▸ EXERCISE: Please print the full listing below exactly, but not the pictures in it.

▸ GIVEN MATERIAL:
================================
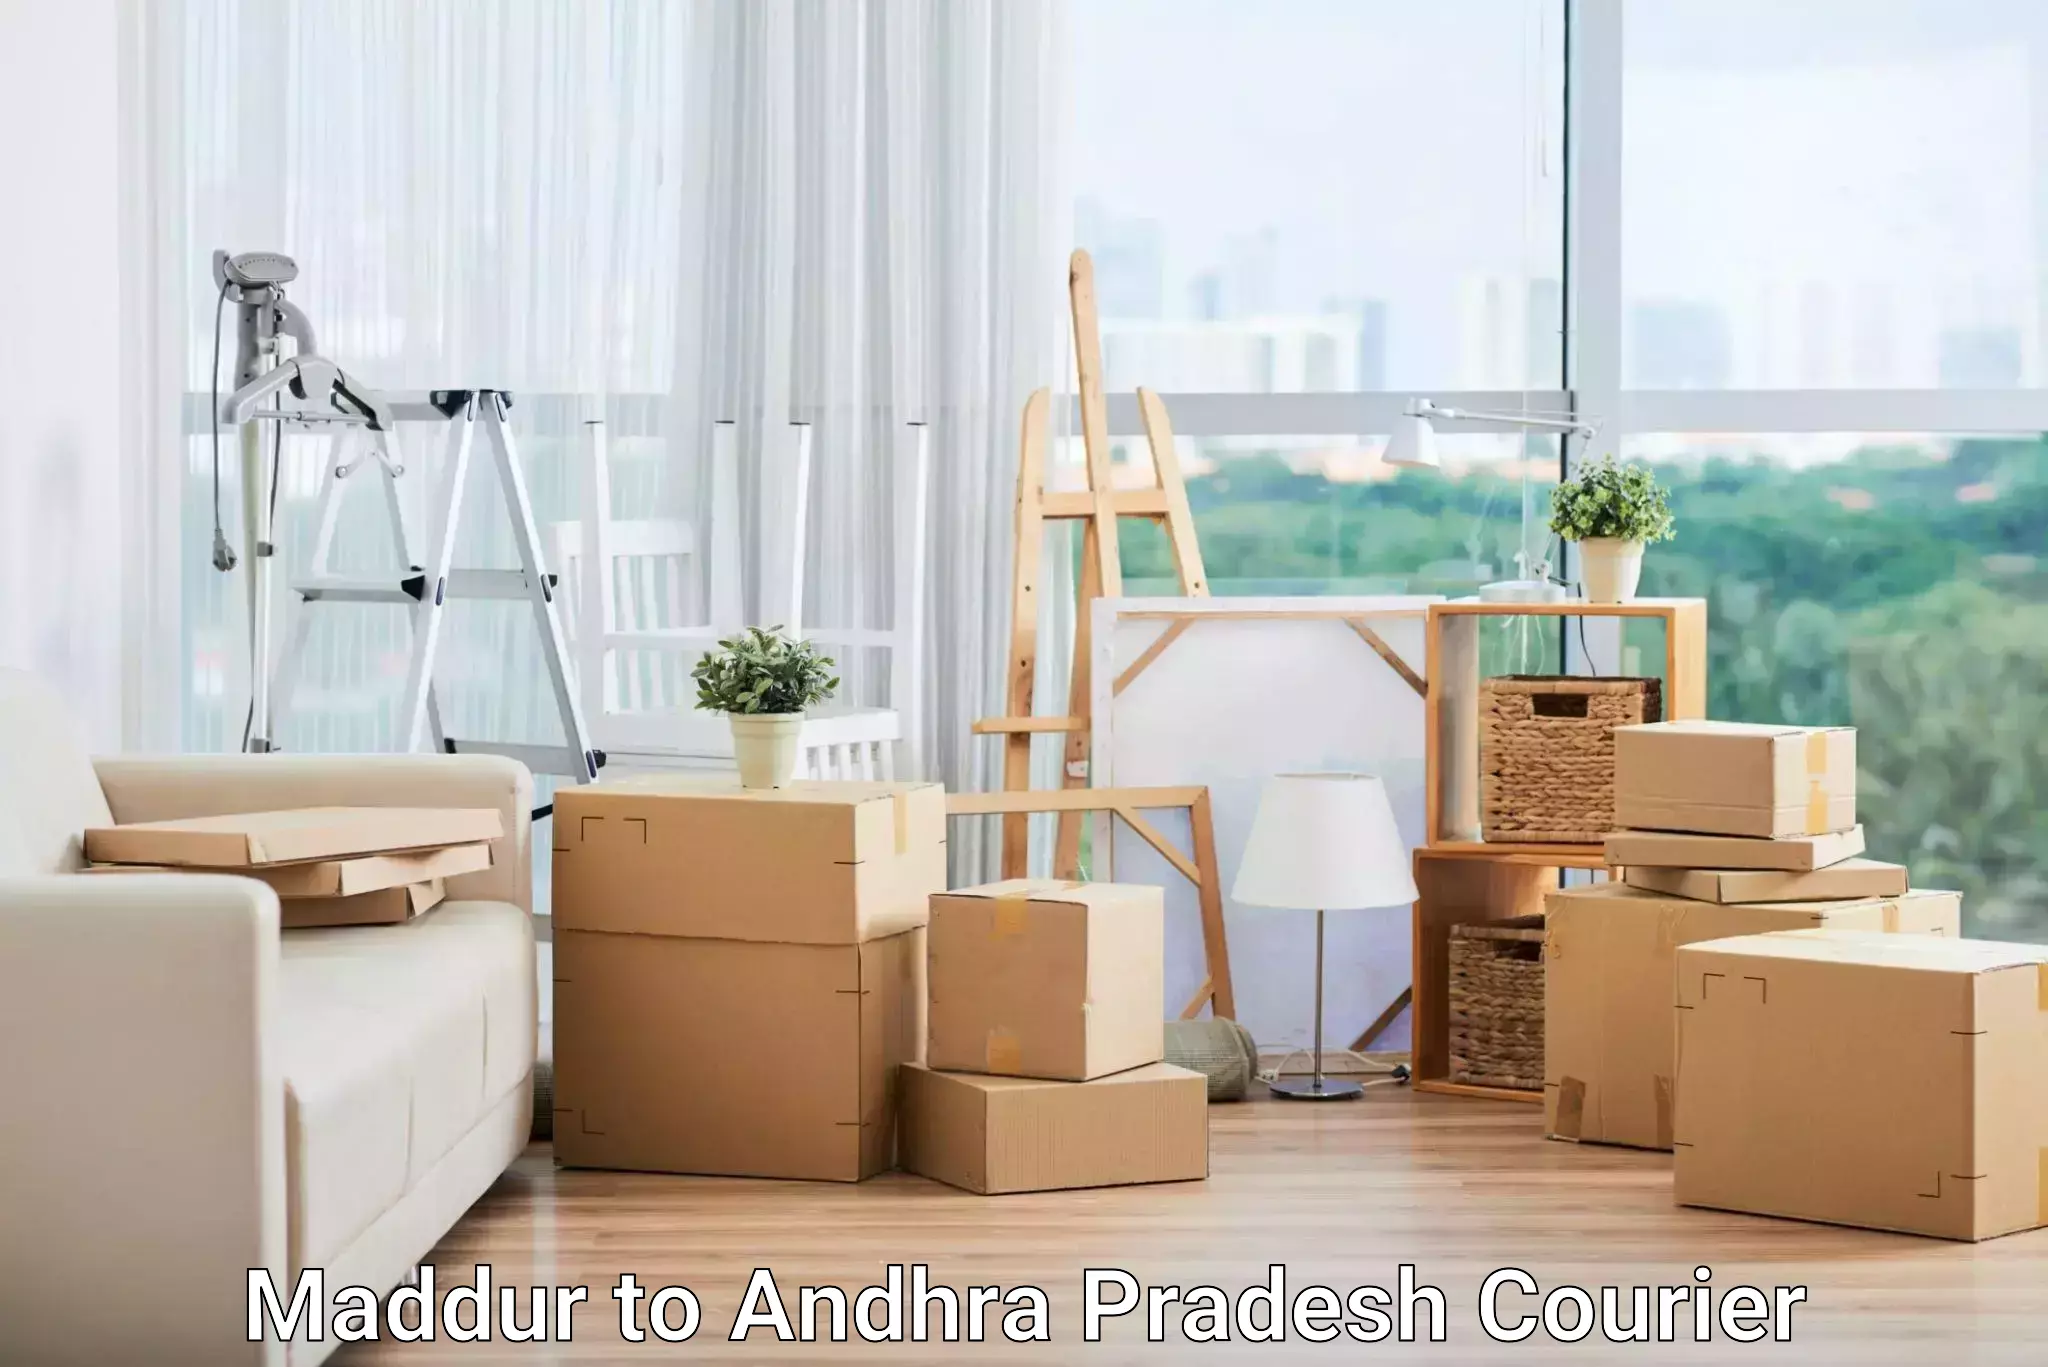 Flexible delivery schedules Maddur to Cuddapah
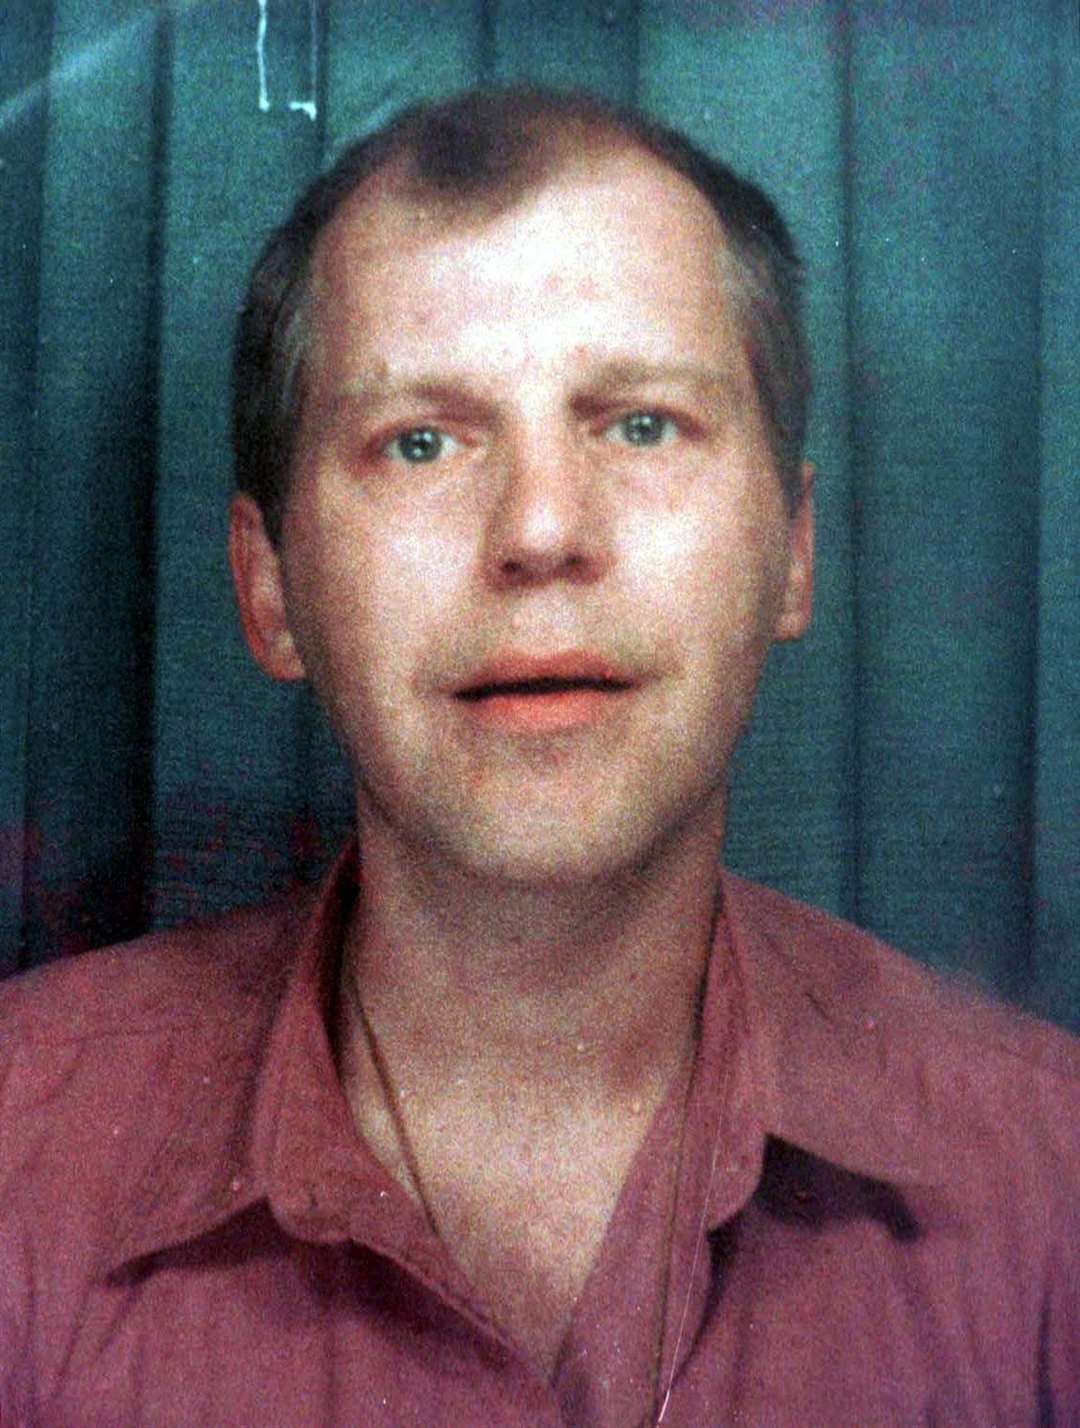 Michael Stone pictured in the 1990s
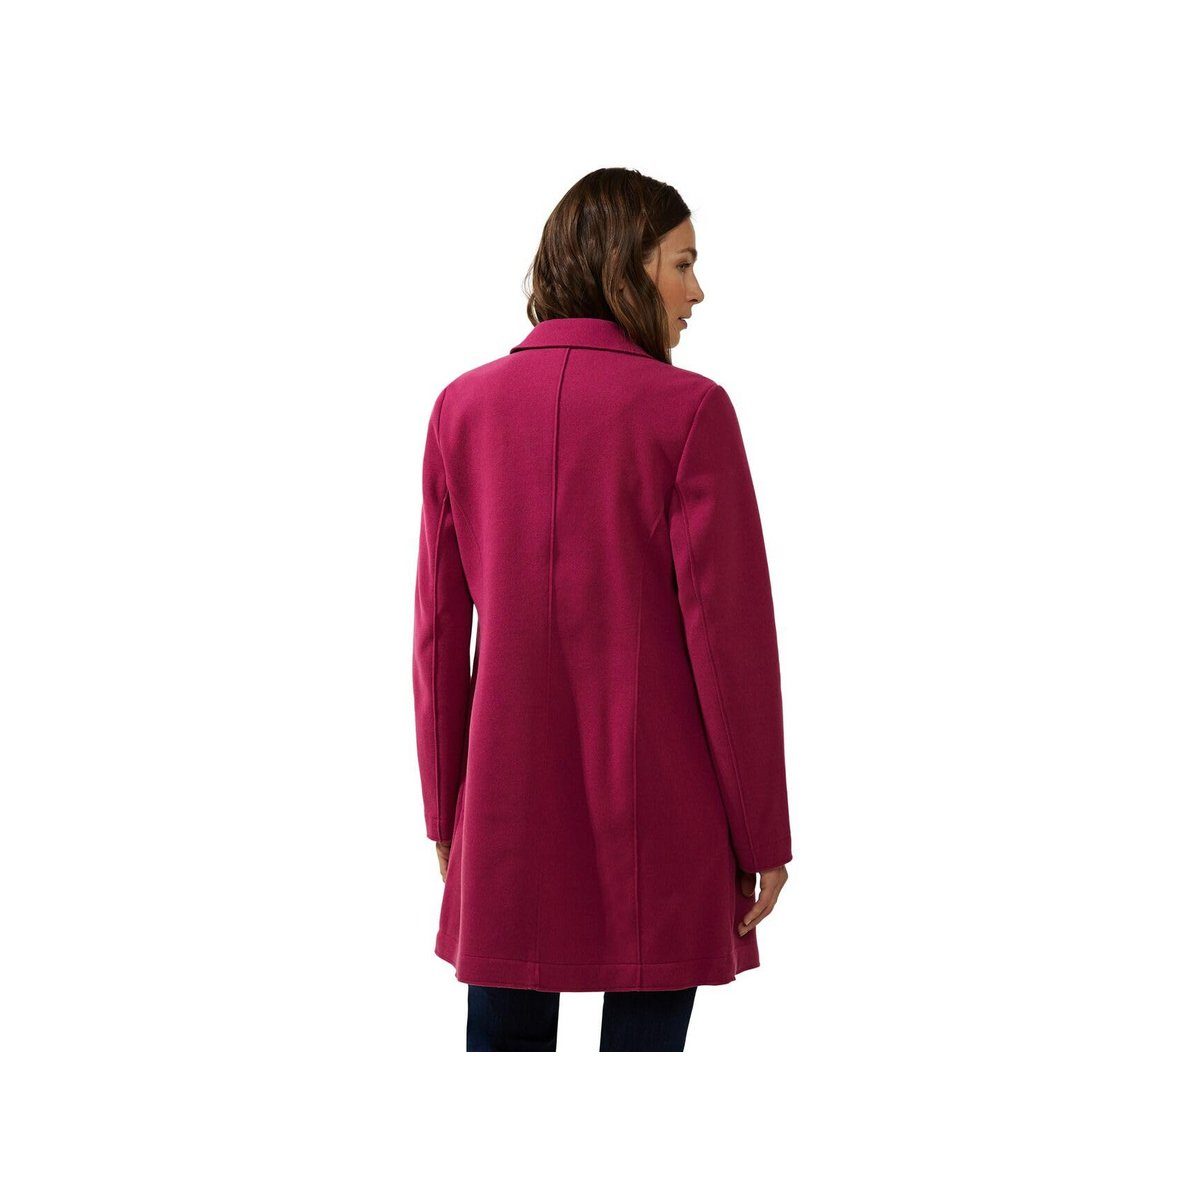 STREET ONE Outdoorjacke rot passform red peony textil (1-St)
================================
▸ WRITTEN ANSWER:
 Flexible delivery schedules Maddur to Cuddapah
 Michael Stone pictured in the 1990s
 STREET ONE Outdoorjacke rot passform red peony textil (1-St)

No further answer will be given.